Mom 1 turned to Mom 2.  "Well, we should just return all of this.  We could come back and buy it later."
Mom 2, who looked like she just wanted to leave, replied, "Yeah, I guess we could."
Mom 1 turned back to me.  "What if I just return all of this right here?"
I smiled, and in a really-not-being-sarcastic tone, said, "Yes ma'am, you could.  Bo Peep would be happy to do that for you, as I assume you have your receipt.  I would have to put it back on the shelves though."
Mom 1 gave me a very, very unkind scowl.  She turned to Mom 2, who said, "Well, Mom 1.  Do you want to return it?  I'm going to keep mine, but you can if you want."

Mom 1 turned around and started walking out, with Mom 2 behind her.  Then I heard Mom 1 say, "Terrible customer service.  Can you believe this?  You can tell we are in ALABAMA!"  Mom 2 added, "Well, this isn't the Magic Kingdom, ya know."

I looked at Bo Peep and she looked back and me.  I said, though not loud enough for WonderMoms to hear me, "Magic Kingdom wouldn't hold it either.  They'd send it to the front of the park.  Guess I could have volunteered to set it by the mall doors for them."  Bo Peep laughed.

THE SWEATSHIRT HAGGLE
It is funny to me when people haggle over a sale price.  Granted, I've done it before at like, Best Buy, on a high priced item, and sometimes it works--thanks Dave Ramsey!

But when the original price of something is $14.50 and you are getting it for $3.99, then taking an additional 40% off of that... there's not much I can do for you, really.  Thus the lady at the sweatshirts found out for herself.

On our table there were 2 different Cars sweatshirts.  One had just Lightnin McQueen, the other had McQueen and Mater on it.  The one with just Lightnin was a dollar less, as it was an older style.  Because we had neither the time nor resources to go and tag every sweatshirt, we put them all on the table with a $3.99 price point... if you picked up one that was red-tagged a little lower, than awesome for you. 

She stood, looking at the different styles, and said in broken English, "Why... why is different... why different shirts?"  I said slowly--not because she was stupid, but to articulate clearly--"Well, they are two different styles.  That one is a little older, so its a little less."

"You give me both for smaller price?"
"Say again?"
"You give me..." she picks up the higher priced shirt, "...this for same price as this..." she picks up older style.
"I'm sorry, I can't do that.  They are both on sale for a great price, one is just a dollar more than the other."
"So... you can no give me lower price on both?"
"No ma'am."

Another lady of what looked to be Middle Eastern descent came in a few days later, and went straight to the Power Rangers soccer balls.  Originally $12.50, they were on sale for $5.99, and then take an additional 25% off, making it $4.74 plus tax.   She looked at the price sign, then tapped me on the arm. 
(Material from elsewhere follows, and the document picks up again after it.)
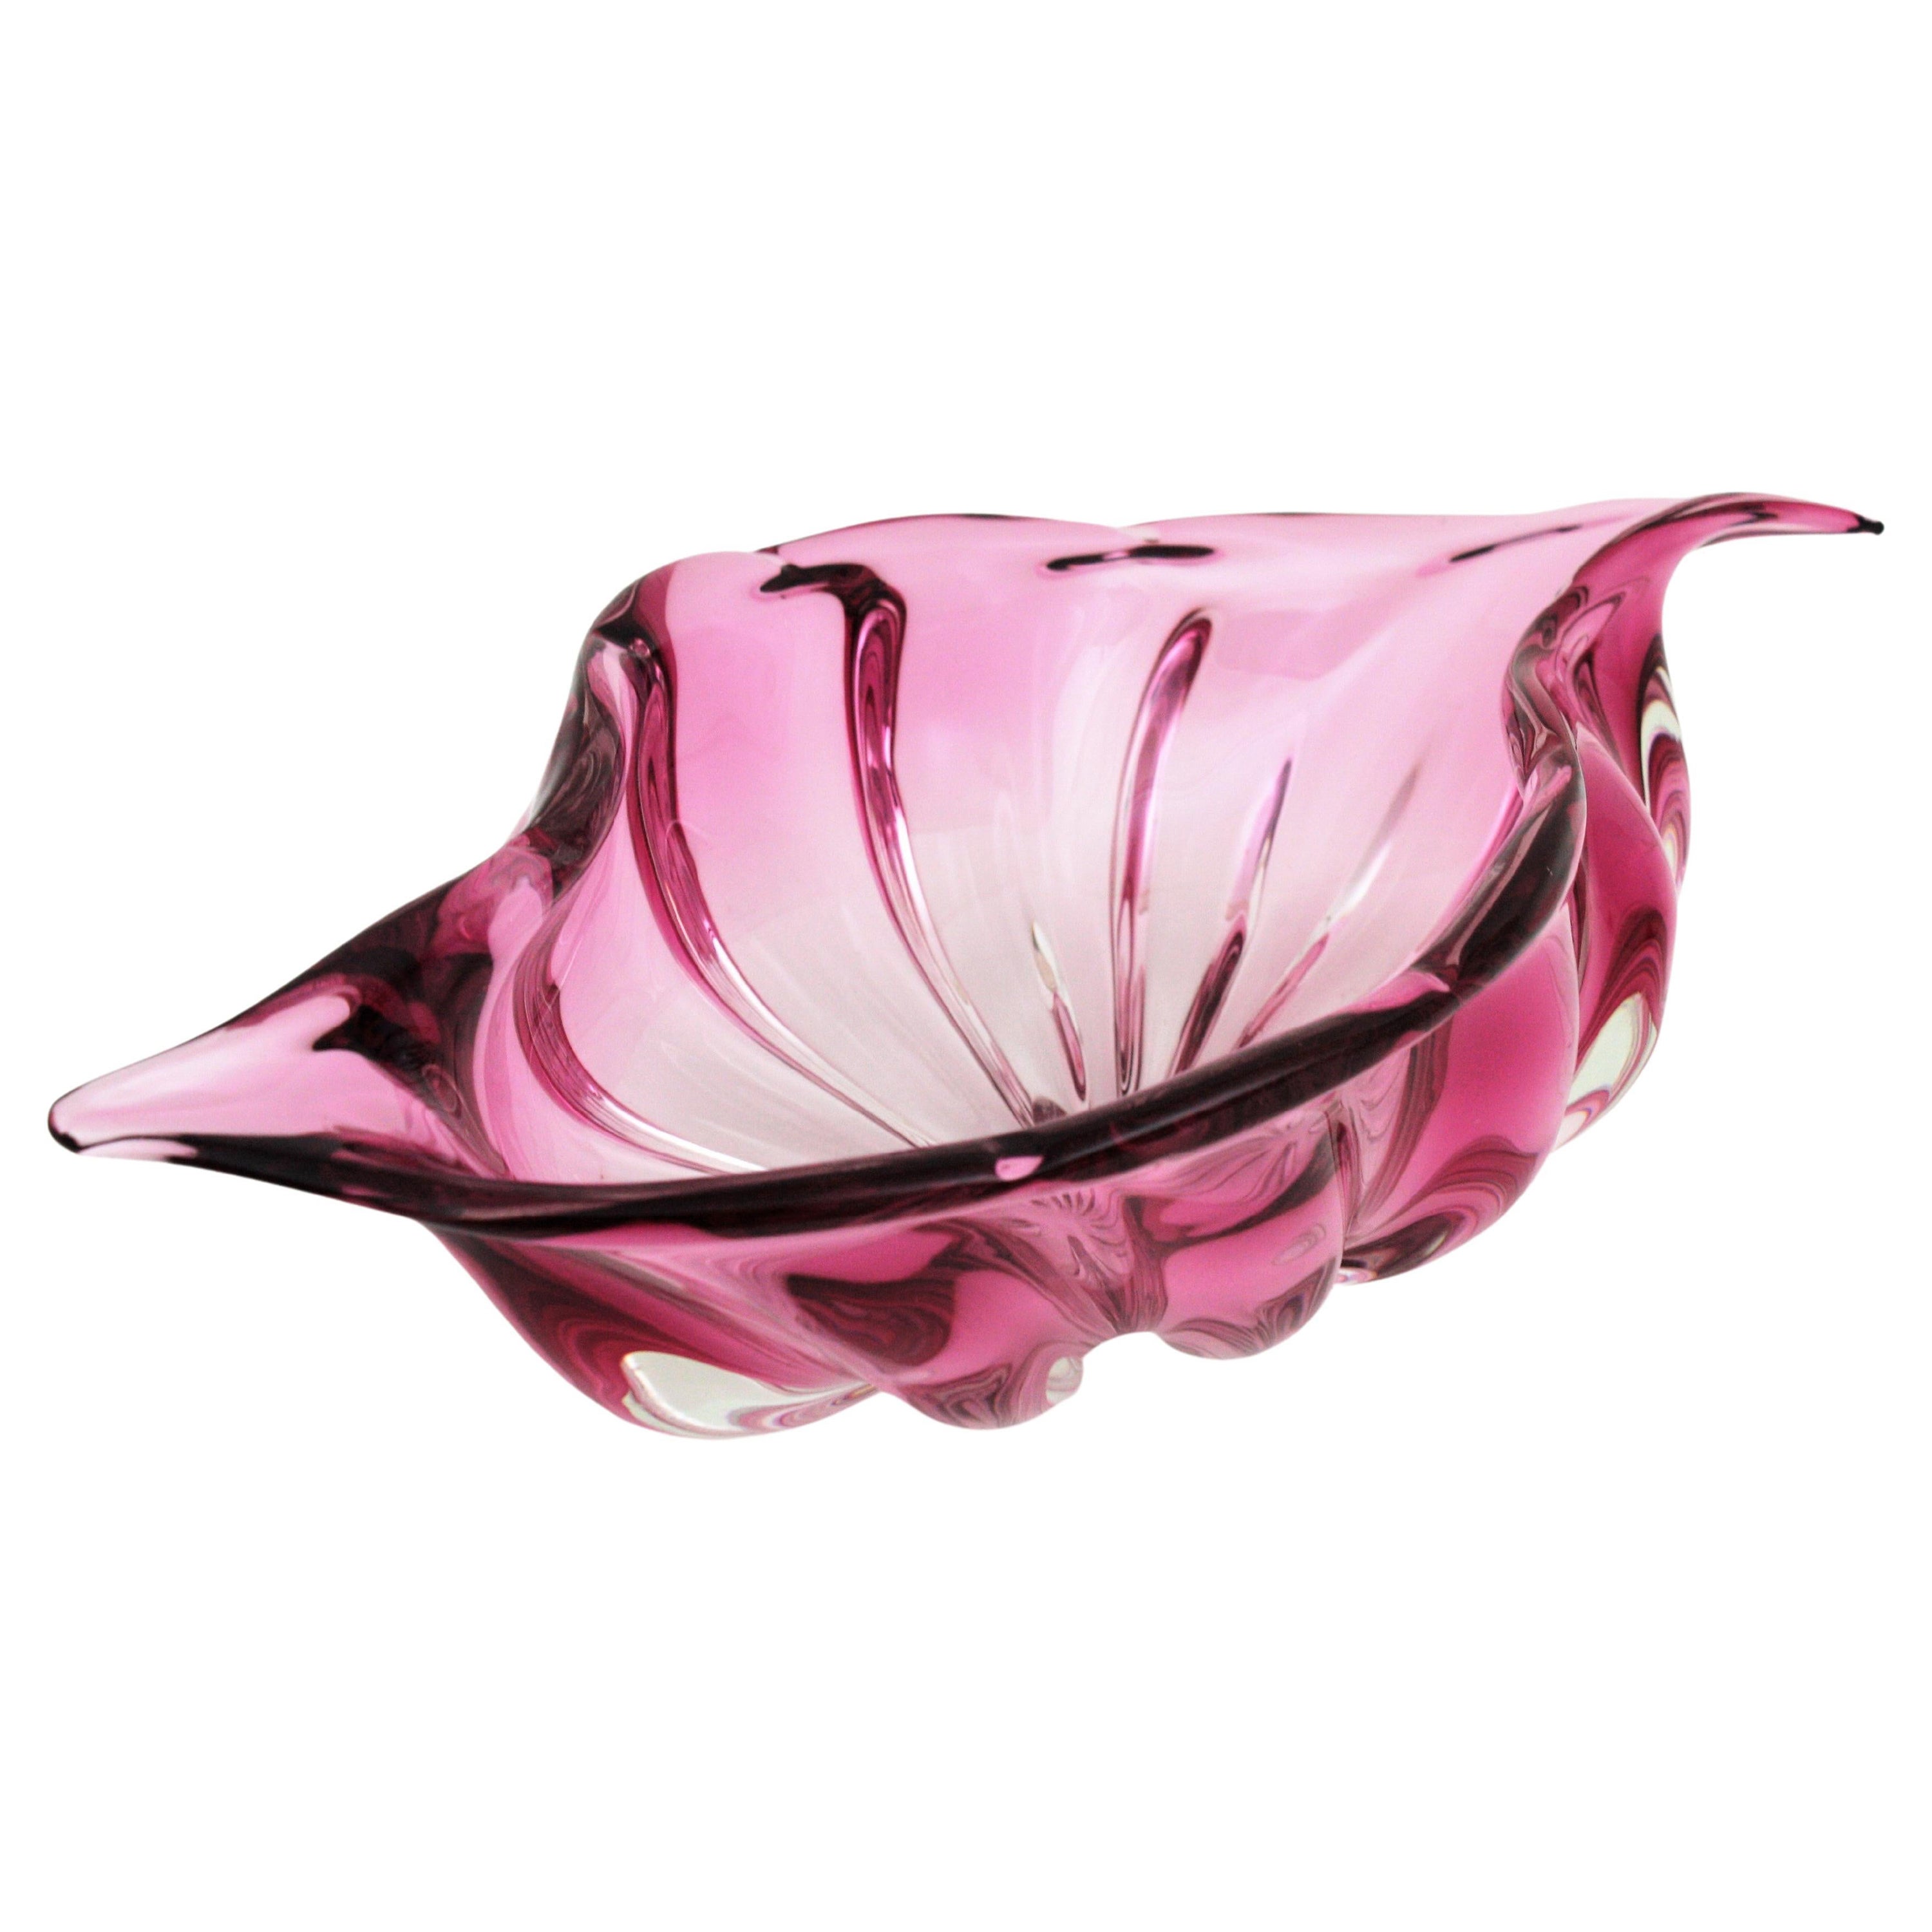 Alfredo Barbini Murano Sommerso Pink Art Glass Centerpiece Decorative Bowl For Sale

"Excuse me," she said, "this is the price on these?"
I looked directly at the sign that said POWER RANGERS, then the white strip under it that read "$4.99", then directly at the tag on the sign that said, "TAKE AN ADD'L 25%!"  I then said, "Yes ma'am, its $4.99, then take an additional 25% off."
"I need four."
"Well, awesome," I smiled, pointing to the fixture by where she was standing. "There are five right there, you can get your four, and have an extra if you like."
"I have birthday party," she started, "and bought 3 last week at this price.  When will they go down in price?"
"I'm not really sure," I lied.  Truth was, I knew they'd go down to 40% off sometime in the next day or two, but I can't say that... if people heard that, no one would buy stuff now.  "I think it will be sometime in the next week, but I don't know for sure."
"Oh, okay" she gets a basket and puts 4 Power Ranger Soccer Balls in the basket.  She comes to the counter. 

"I pay this price for these balls last week.  You can give me better deal?"
"Better deal on... the soccer balls?  As in, take more off the price?"
"Yes!" she smiled, happy I understood her.  Her smile turned upside down, though when I spoke.
"No, I can't take any more off the price.  You're getting it at about 65 or 70% off the original price as it is."
"Oh, you can no lower the price?  Well, who can?"
I smiled, trying not to laugh, and then pointed at my name tag. "Well, I would be the one to ask, but I'm not authorized to take more money off."  Truth be told, I could... but I wasn't going to.  There was no reason to.

COLD BLOODED
As seen in the previous post in this trilogy, just because there are signs everywhere doesn't mean they read them.  Didn't happen when we were a thriving, fully stocked store, and wasn't happening now. 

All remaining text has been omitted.